John Sprack Training

Justice Committee criticises Employment Tribunal Fees

22 June 2016

The House of Commons Justice Committee has released its report on court fees, including some forthright criticism of the fees regime applied to employment tribunals. The report was published just three days before the EU referendum, so it may not have received the publicity which it deserves. But those who have argued and campaigned against the impact of ET fees, will find that it reinforces their arguments. And the government ought to find it embarrassing reading.

The report deals with the issue of costs in courts and tribunals generally, and it focuses on the question of access to justice. It regards the issue of employment tribunal fees as particularly controversial, and deals with the staggering drop in the number of claims. There was a decline of 67% in single cases and a drop of 72% in multiple cases in the two years after the introduction of fees. 

It asks the question: Is the drop in claims due to early conciliation? The reliance of government upon this contention was “even on the most favourable construction, superficial” says the Committee. The main survey carried out by ACAS showed that of the 68,000 cases referred to them for early conciliation in the first nine months of mandatory early conicliation,15% settled and 22% went to tribunal. Of the remaining 63%, 26% said that they did not progress because of fees (this amounts to 16% of the whole, or 10,880 claims).

In fact, the Committee gave prominence to the view that the introduction of fees had hindered, rather than helped, the prospects of settlement being reached for prospective claims. They quoted Sir Ernest Ryder, Senior President of Tribunals, who said:

 ‘respondents are ….avoiding engagement in conciliation processes and waiting for the next fee to be paid, which means that settlement opportunities are being lost”

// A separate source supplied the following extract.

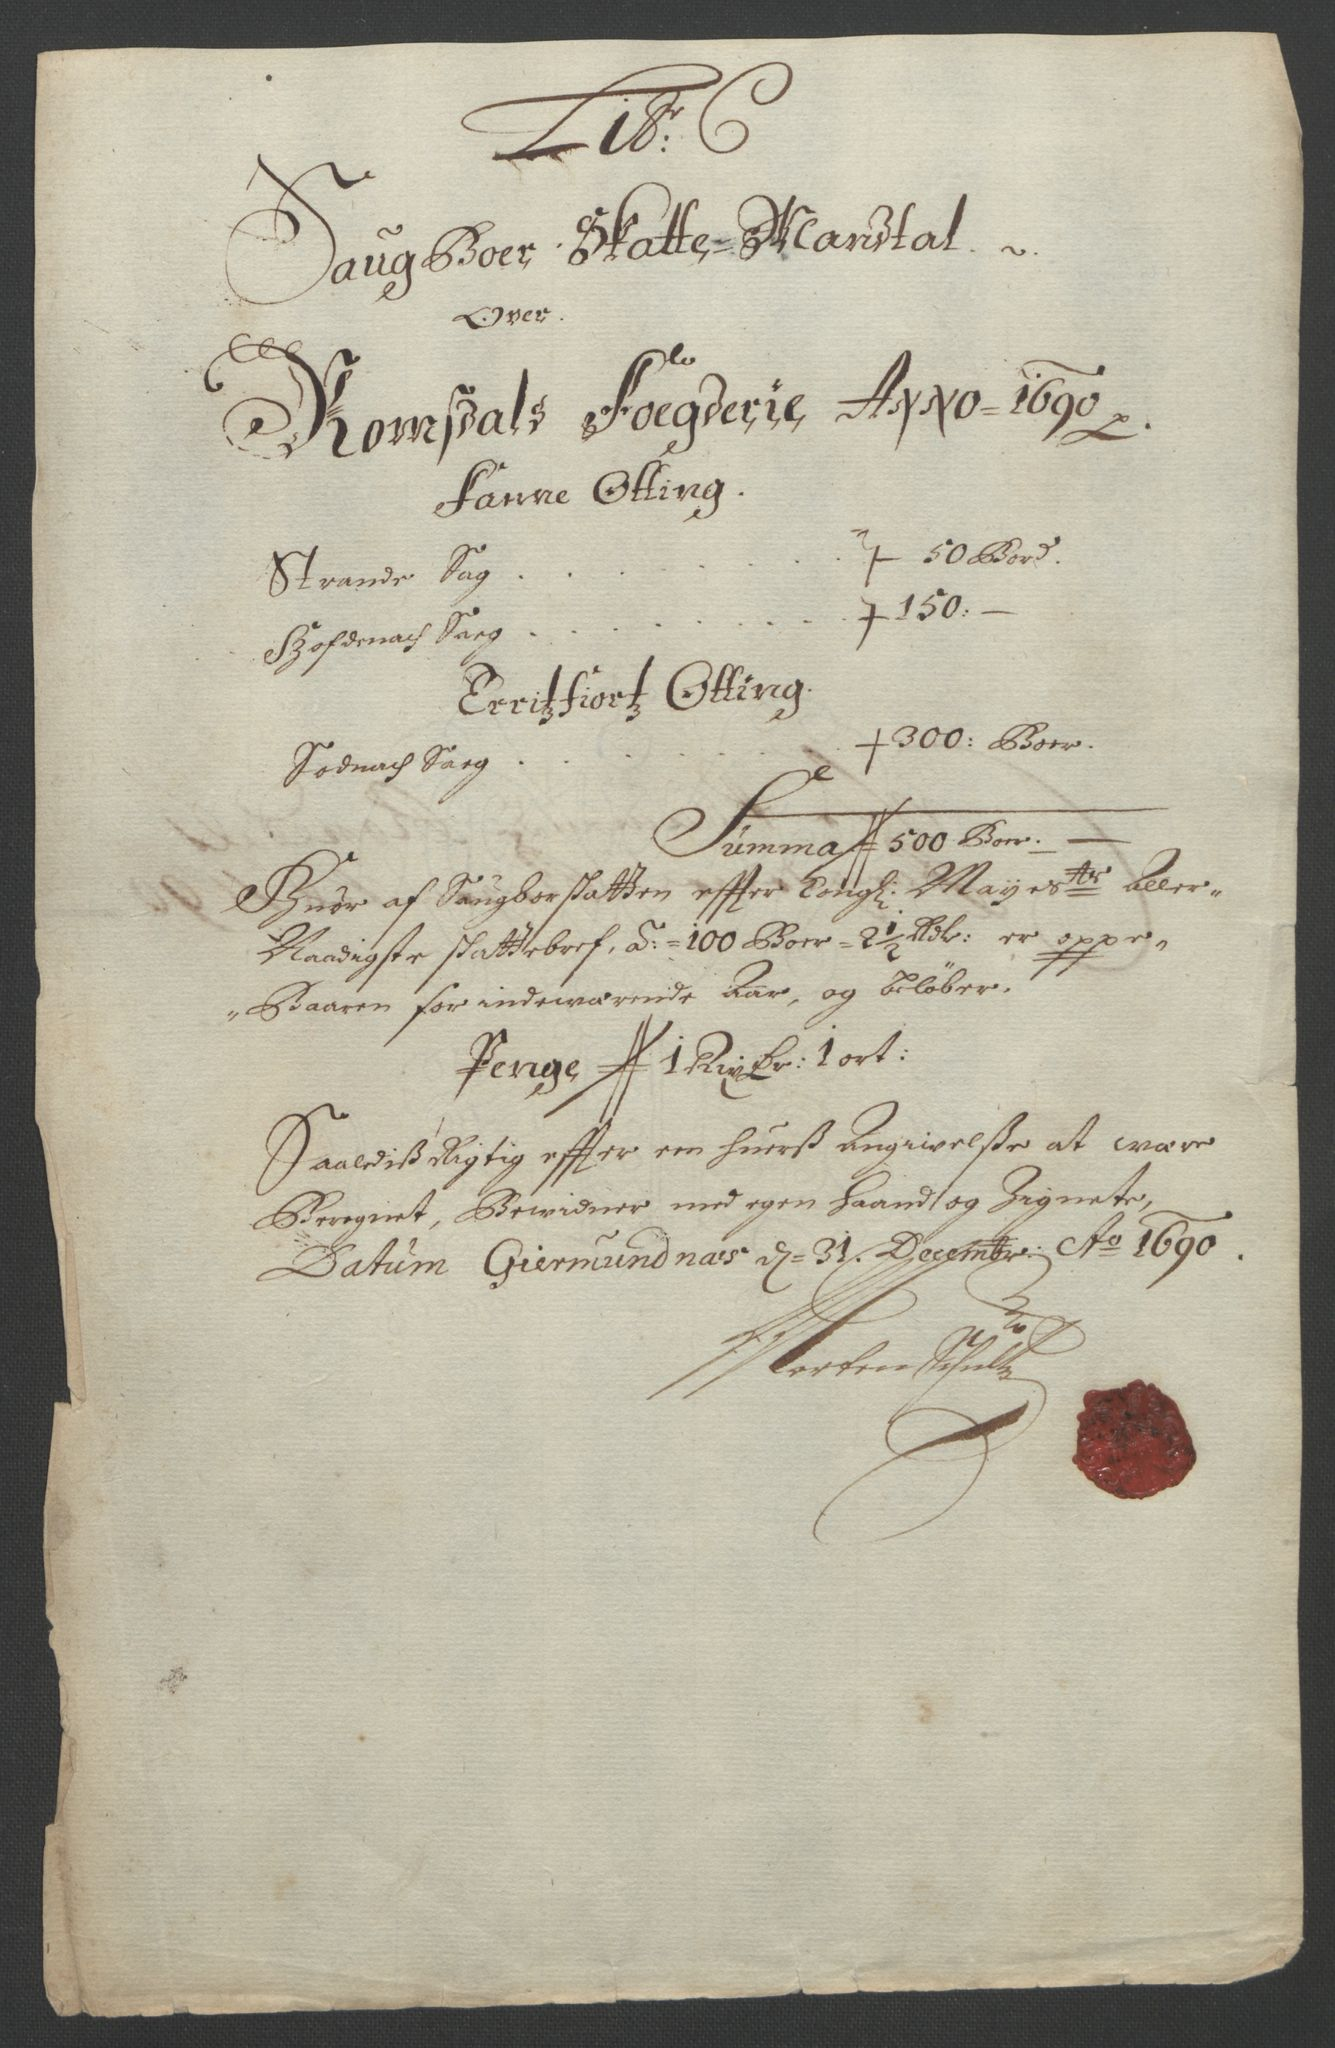 RA, Rentekammeret inntil 1814, Reviderte regnskaper, Fogderegnskap, R55/L3649: Fogderegnskap Romsdal, 1690-1691, s. 62

Kate Booth, partner at Eaton Smith LLP, said she advised employers to  

“..wait for the employee to pay a fee. Ultimately you want to call their bluff - are they prepared to put their money where their mouth is? - so you sit back and see whether they do it.” 

The Select Committee concluded that ‘in many cases the existence of fees provides a disincentive for employers to resolve disputes at an early stage.

What about deterrence of vexatious claims? That was one of the stated objectives of government in introducing fees.The evidence received was to the effect that It is not the case that the proportion of cases in which the claimant is successful has increased. “So fees deterred claims which would potentially have been successful to roughly the same extent as potentially unsuccessful claims”, the evidence suggested.

The Select Committee concluded:

“The arguments presented to us by the Government in this inquiry, limited as they are for the reasons we have previously set out, have not swayed us from our conclusion, on the evidence, that the regime of employment tribunal fees has had a significant adverse impact on access to justice for meritorious claims”

The Committee was particularly concerned about the impact of the fees regime on claims for maternity and pregnancy discrimination. 

Its report points out the effect of  saving for the arrival of the baby by a pregnant woman- for toys, bedding etc. Any such savings are taken into account in deciding on remission from fees.

The remission system was also felt to be unhelfpul in the case of those who had received a payment on termination e g for redundancy, as this would be taken into account in calculating capital when determining whether remission of fees should be granted.

The review pointed out that virtulally no money claims at all were being brought in the tribunals, whereas formerly many had been brought by low paid workers in sectors such as care, security, hospitality, cleaning. In such cases, few defences were available. The sums involved were small, but important to those involved.

The classification of claims into Type A and Type B was too simplistic and should rather be into “short, standard and open” as classified by the tribunals themselves. 

What would be an appropriate fee? Some rejected any fee. Citizens Advice survey showed that 90% would not be put off by a £50 fee.

The government came in for particular criticism for its failure to publish its own review into employment tribunal fees. It is clear that they have been sitting on their own report for some time, despite a commitment to publish it by the end of 2015. The Justice Committee referred to "inconsistencies in the Government's account of the progress of its review into the impact of employment tribunal fees". They had held up publication of their own report ont he basis of the government's commitment to publish by the end of 2015, so that they could take it into account. They state: "We have not appreciated being strung along in this fashion" and characterised it as "unhelpful and not good practice".

The Justice Comimitte have made the following recommendations (subject to any new factual information to be revealed in the government’s review)

  •  the government should “publish forthwith” the factual information collated in their review
  •  the overall quantum of fees should be reduced
  • the distinction between Types A and B cases had no logic, and should be replaced by single fee, three-tier fee, or fee set as proportion of the claim
  • disposable capital and monthly income thresholds for remission should be reduced
  • claimants should only have to make one application for remission, to cover both the issue and the  hearing fee
  • special consideration should be given to claims for maternity or pregnancy discrimination, and time limit of three months for such claims should be reviewed

In reponse to the argument that this would reduce revenue, the report argues that an increase in the number of legitimate claims would bring in additional fee income. Further, it says, access to justice must prevail over income from fees.